5.2 Press Releases and Other Communications. The Parties have agreed upon the content of one (1) or more press releases (which shall be issued substantially in the form of the language of the draft press release attached as Exhibit B), the release of which the Parties shall coordinate promptly upon execution of this Restructuring Agreement. The Parties shall develop and agree upon a set of additional communications messages consistent with the outline of disclosure contained in Exhibit C, to be used by both Parties to further communicate details of the Restructuring Agreement, and the business rationale for the Restructuring Agreement, which may be released to Third Parties.
ARTICLE 6
INDEMNIFICATION
6.1 Indemnification By Kythera. Except to the extent of any Losses covered by Section 6.2, Kythera shall defend, indemnify and hold harmless Bayer, Intendis, their Affiliates, and their respective directors, officers, employees, and agents (the “Bayer Indemnitees”) from and against any and all Losses arising out, resulting from or relating to the following (to the extent not otherwise subject to the indemnification obligations surviving pursuant to Section 3.1):
6.1.1 any material breach of a representation, warranty or covenant made by Kythera in this Restructuring Agreement; or
6.1.2 any negligent act or omission or willful misconduct of any of the Kythera Indemnitees in connection with this Restructuring Agreement.
6.2 Indemnification By Bayer and Intendis.

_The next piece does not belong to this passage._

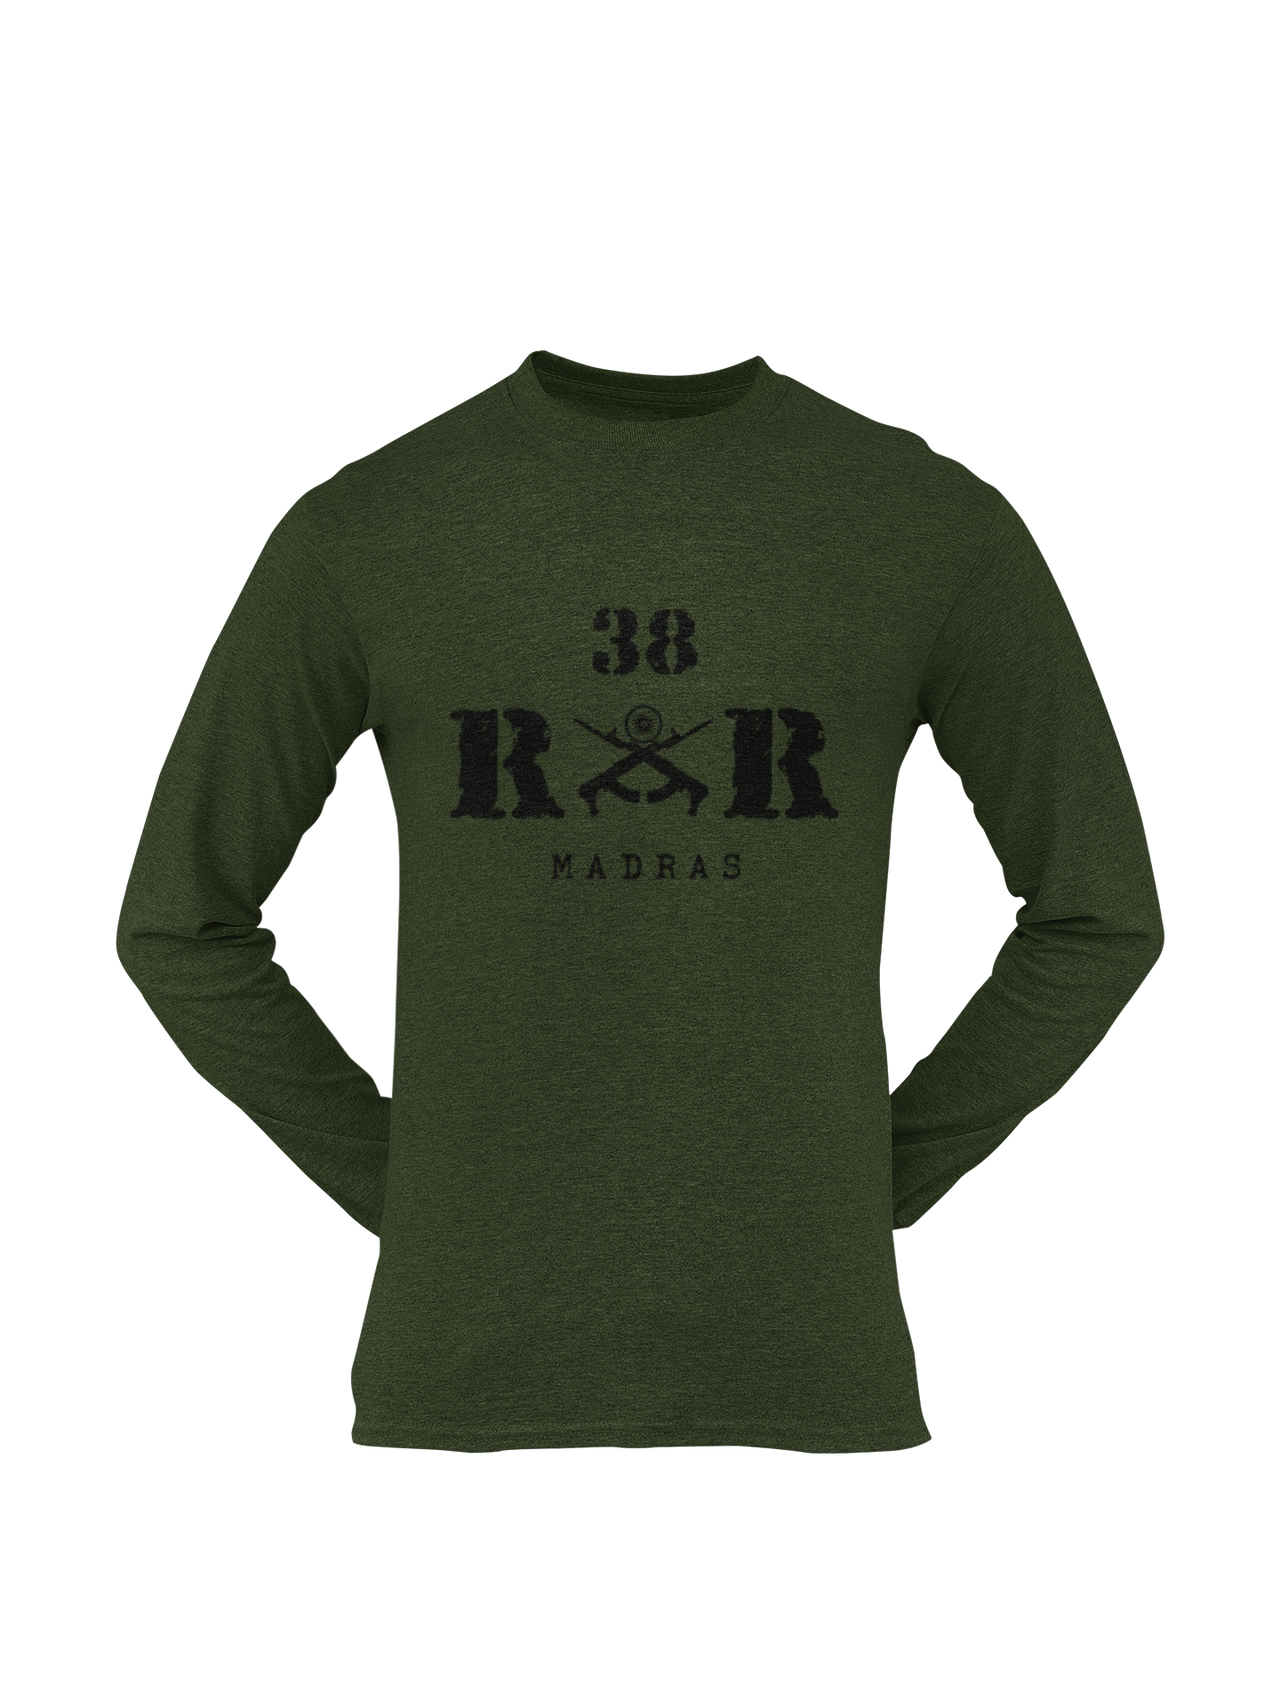 Rashtriya Rifles T-shirt - 38 RR Madras (Men)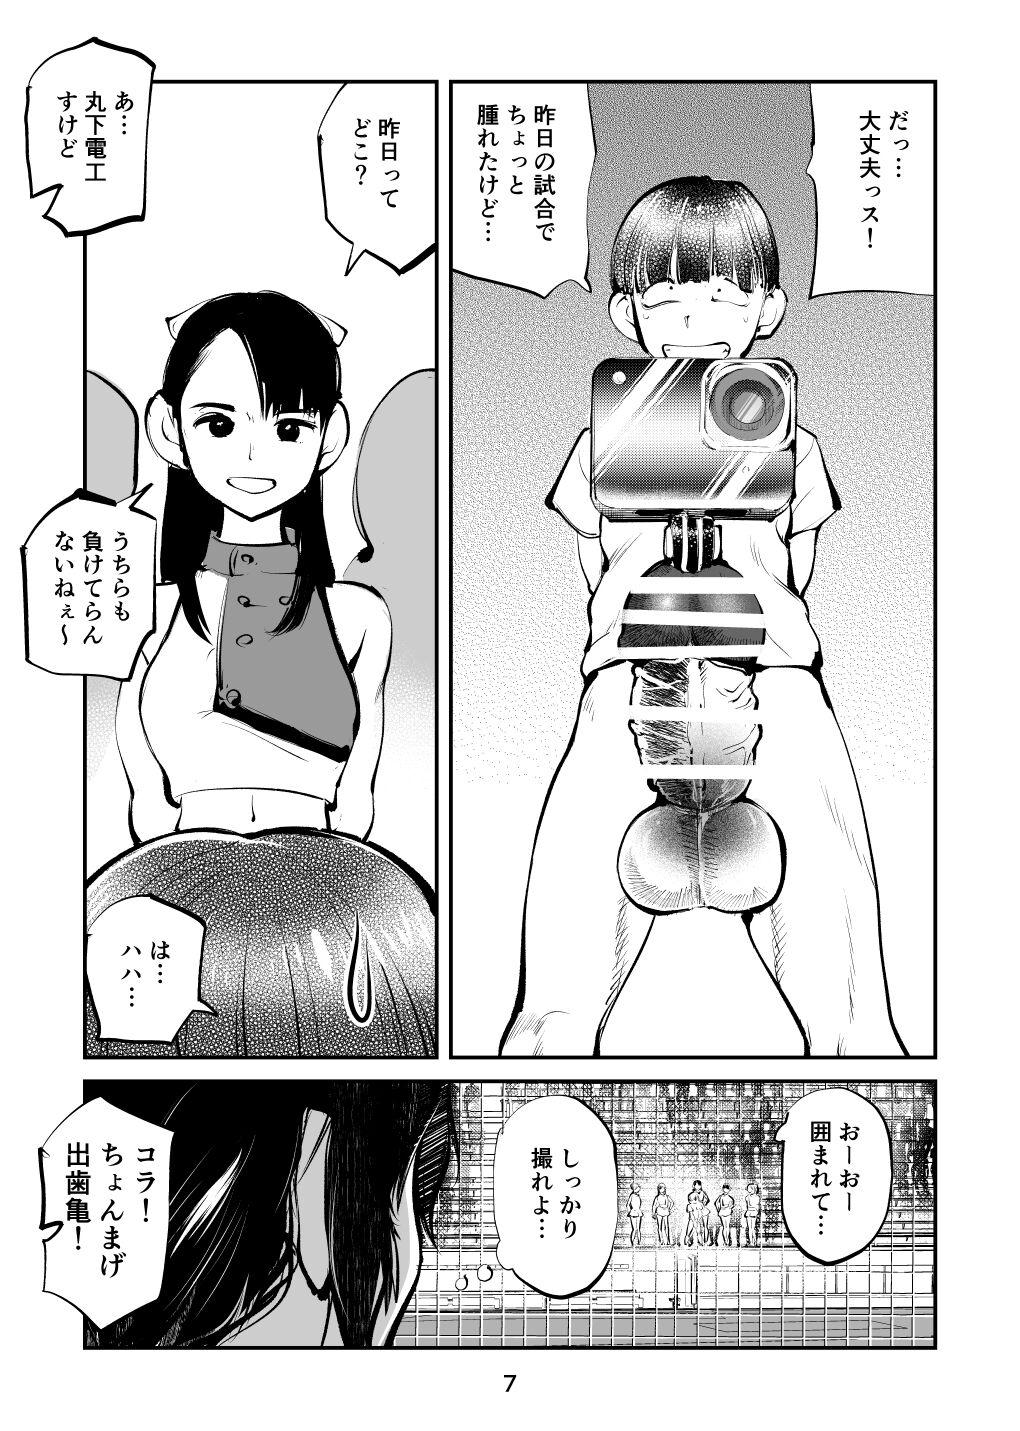 Banheiro Kinkeri Cheer Girl VS Tosatsuma Shakai Hito Cheer Girl-hen - Original Amador - Page 7

Except to the extent of any Losses covered by Section 6.1, Bayer and Intendis shall defend, indemnify and hold harmless Kythera, its Affiliates, and its and their respective directors, officers, employees, and agents (the “Kythera Indemnitees”) from and against any and all Losses arising out of a Third Party Claim arising out of, resulting from or relating to the following (to the extent not otherwise subject to the indemnification obligations surviving pursuant to Section 3.1):
6.2.1 any material breach of a representation, warranty or covenant made by Bayer or Intendis in this Restructuring Agreement; or
6.2.2 any negligent act or omission or willful misconduct of any of the Bayer Indemnitees in connection with this Restructuring Agreement.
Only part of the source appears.